• _Aim of the exercise_: Output all of the data below without changing a word, and exclude the pictures.

• _Material for this task_:
——

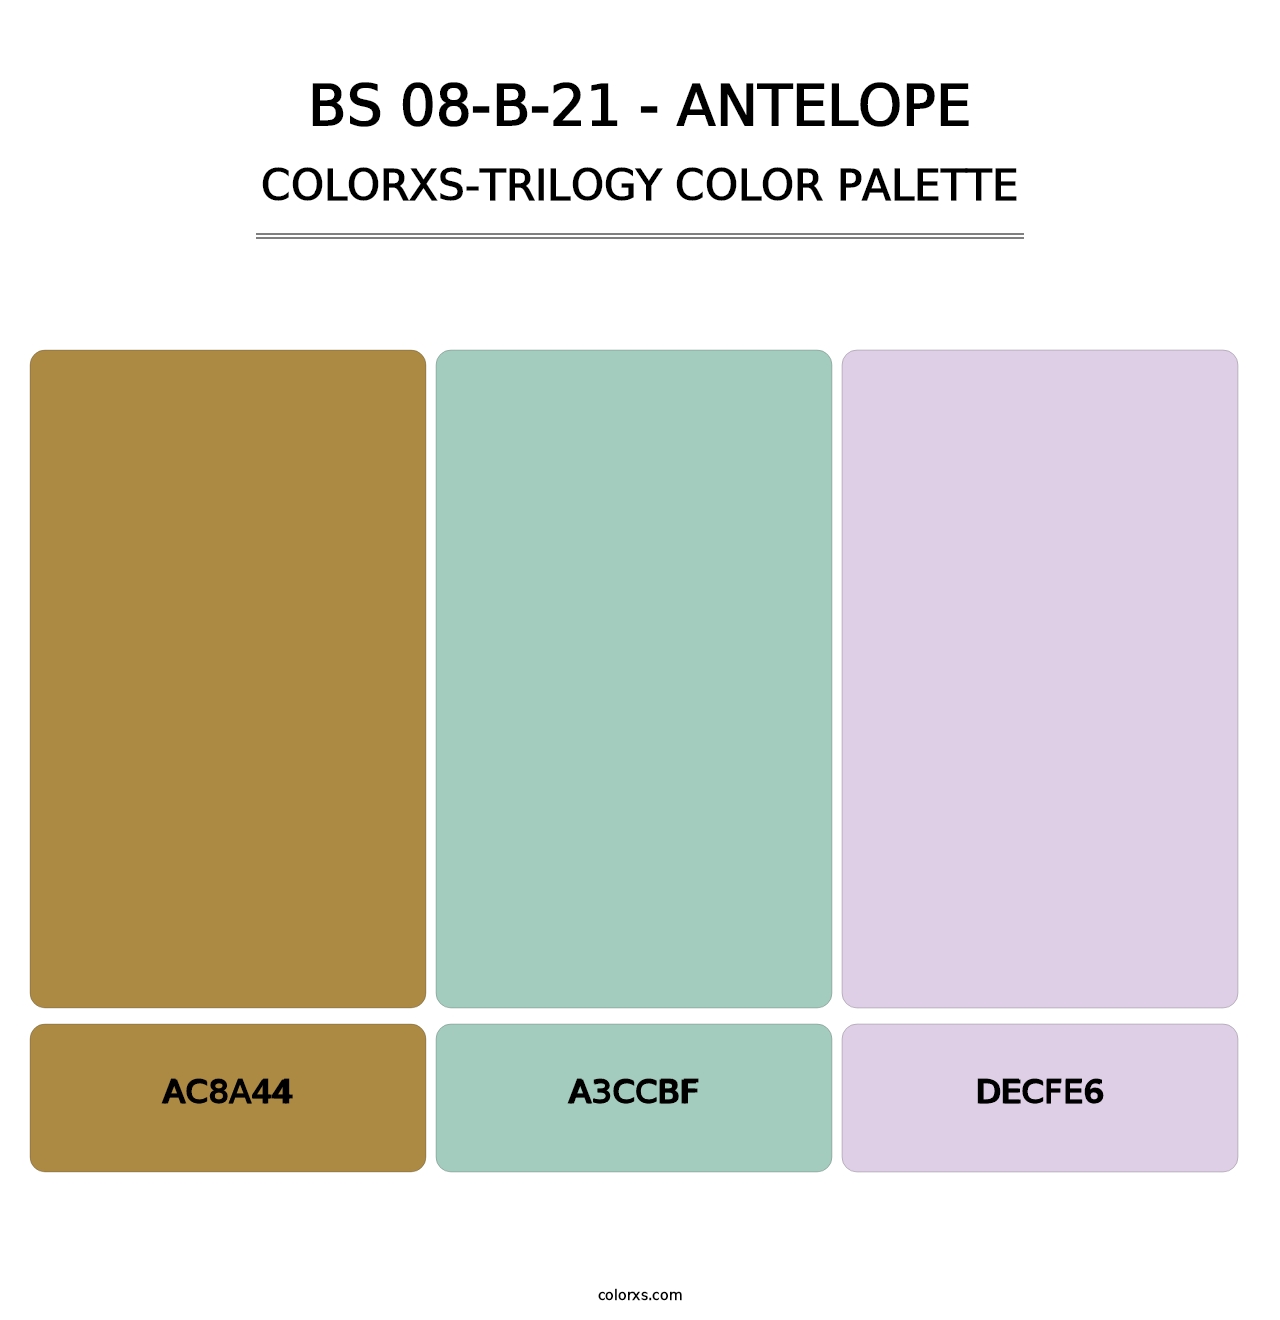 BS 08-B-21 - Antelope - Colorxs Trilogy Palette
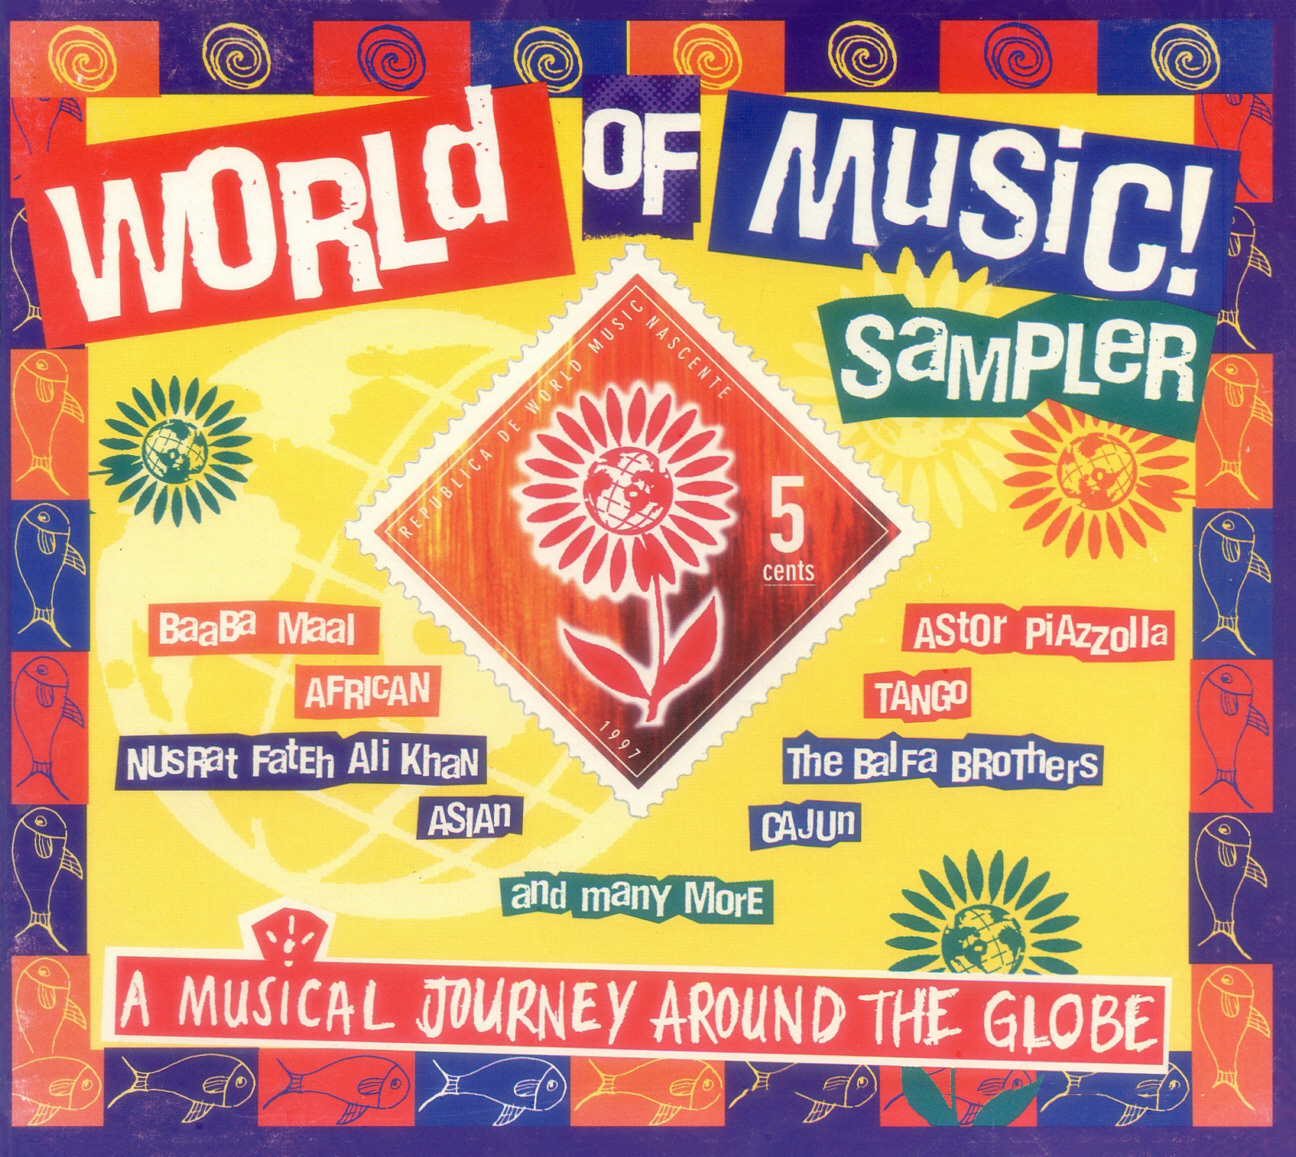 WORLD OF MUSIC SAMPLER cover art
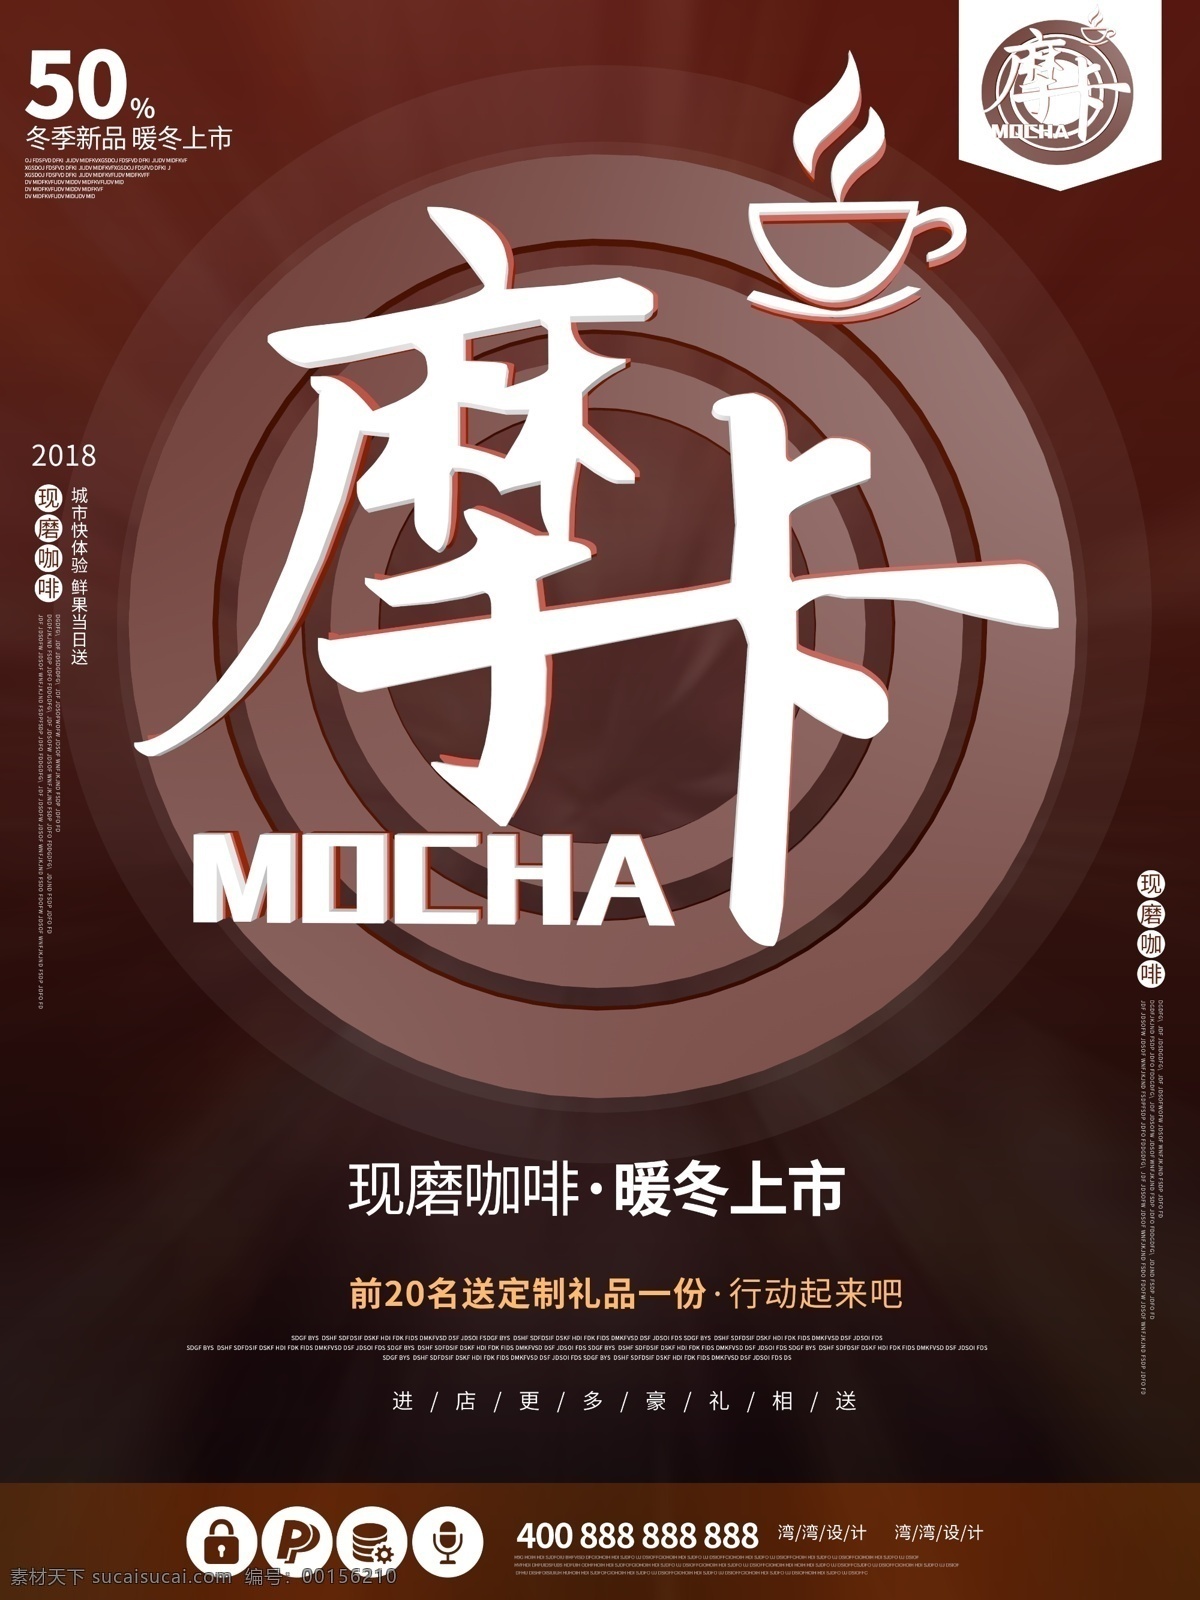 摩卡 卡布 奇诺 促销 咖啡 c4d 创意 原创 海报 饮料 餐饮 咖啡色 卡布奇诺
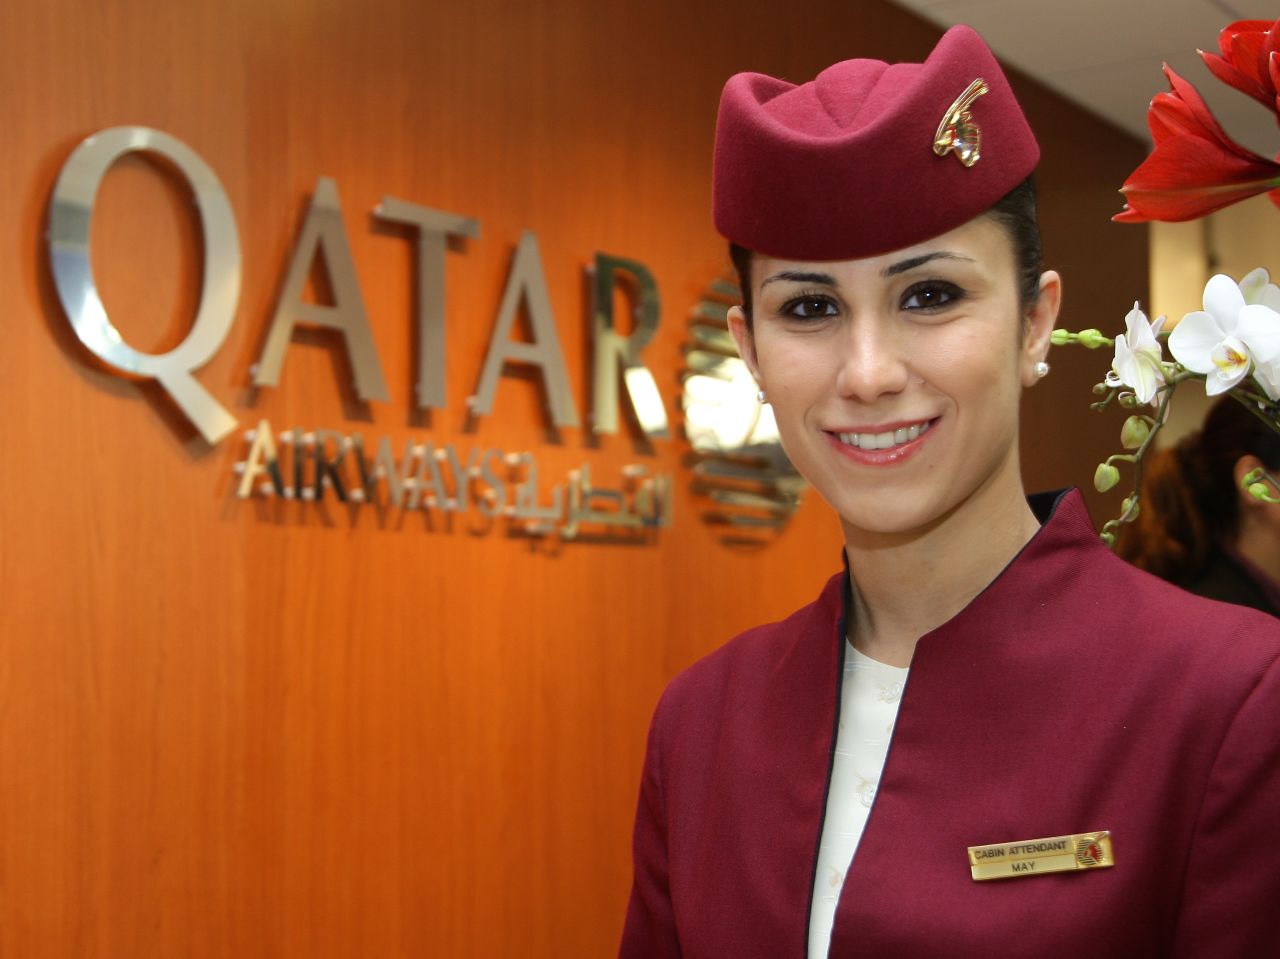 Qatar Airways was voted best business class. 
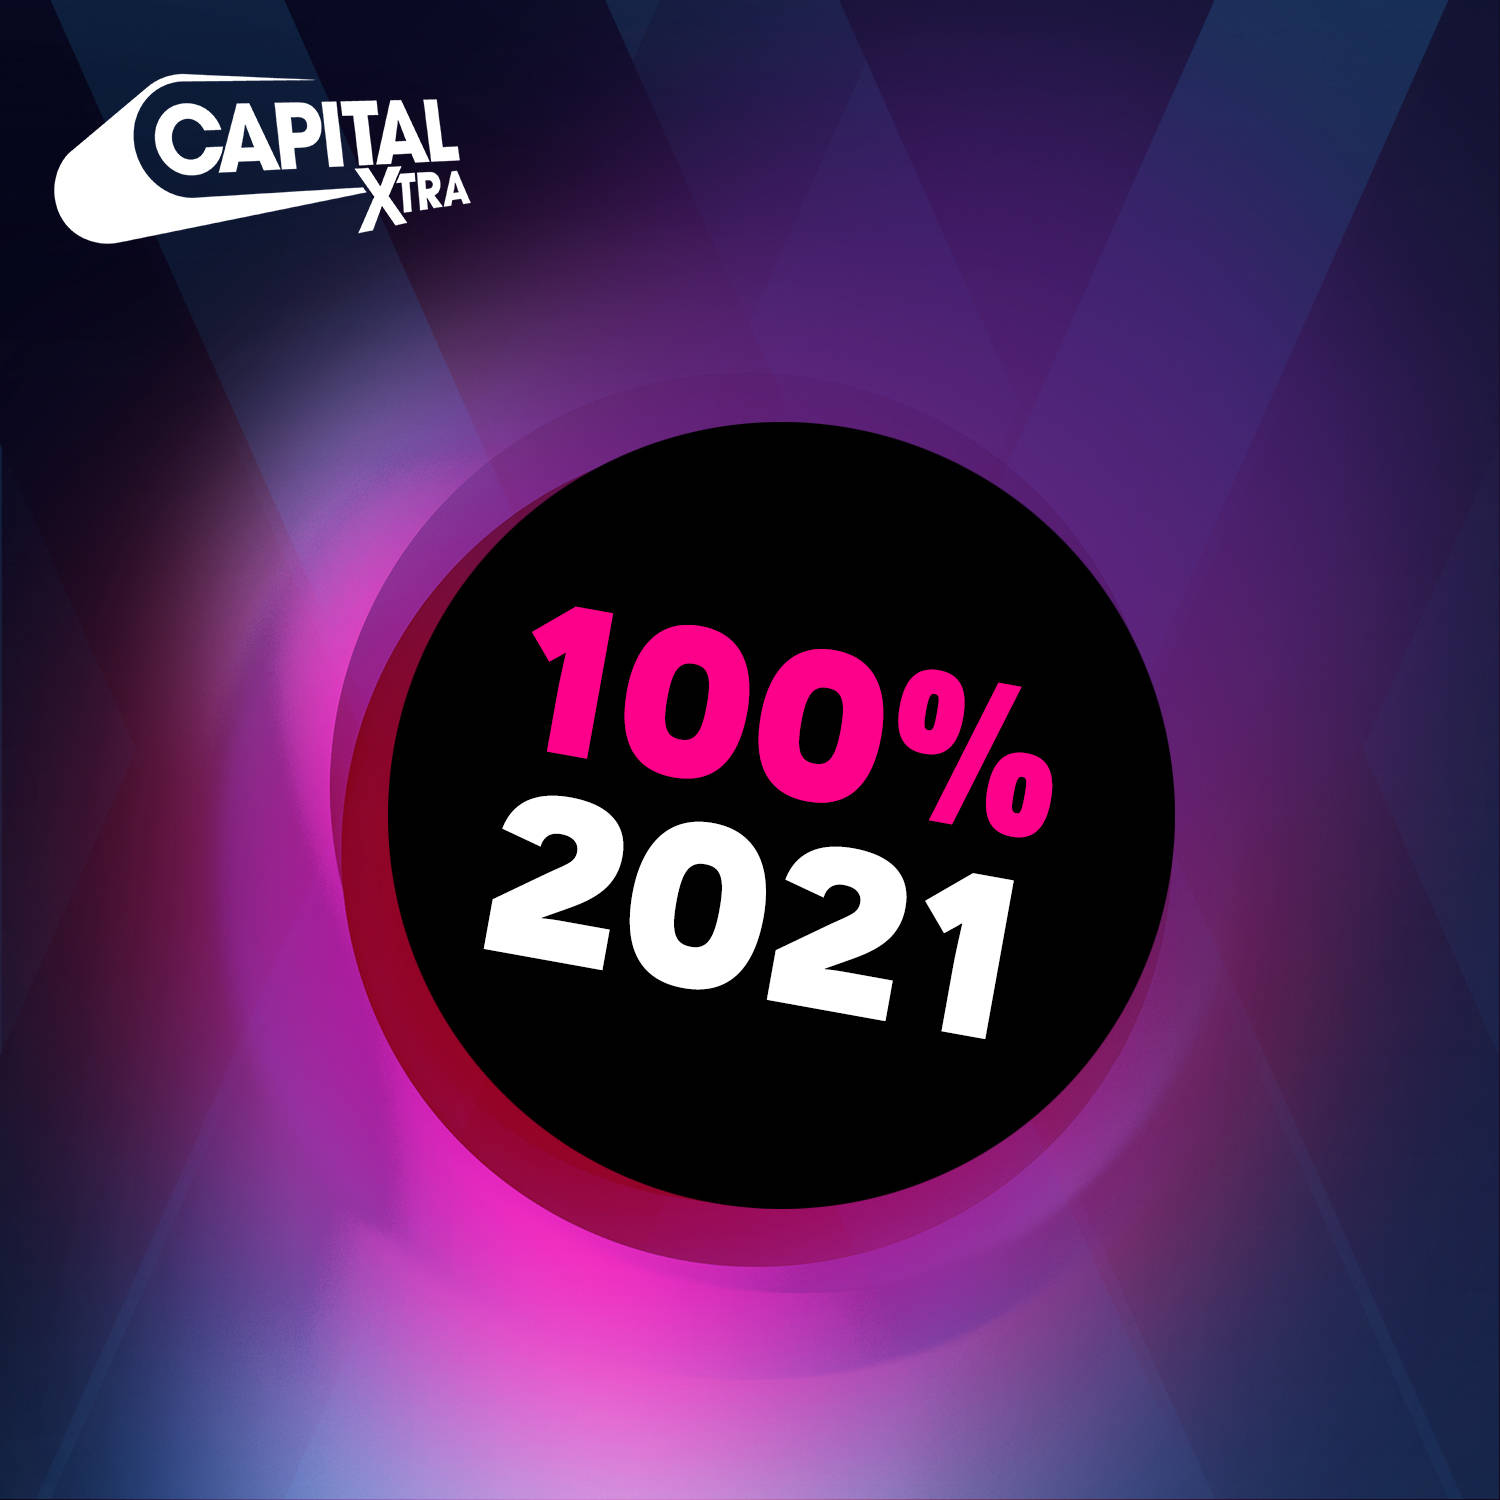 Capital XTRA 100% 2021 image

——

• _Output below_:
 BS 08-B-21 - Antelope - Colorxs Trilogy Palette
 WORLD OF MUSIC SAMPLER cover art
 摩卡 卡布 奇诺 促销 咖啡 c4d 创意 原创 海报 饮料 餐饮 咖啡色 卡布奇诺
 Qatar Airways was voted best business class. 
 Capital XTRA 100% 2021 image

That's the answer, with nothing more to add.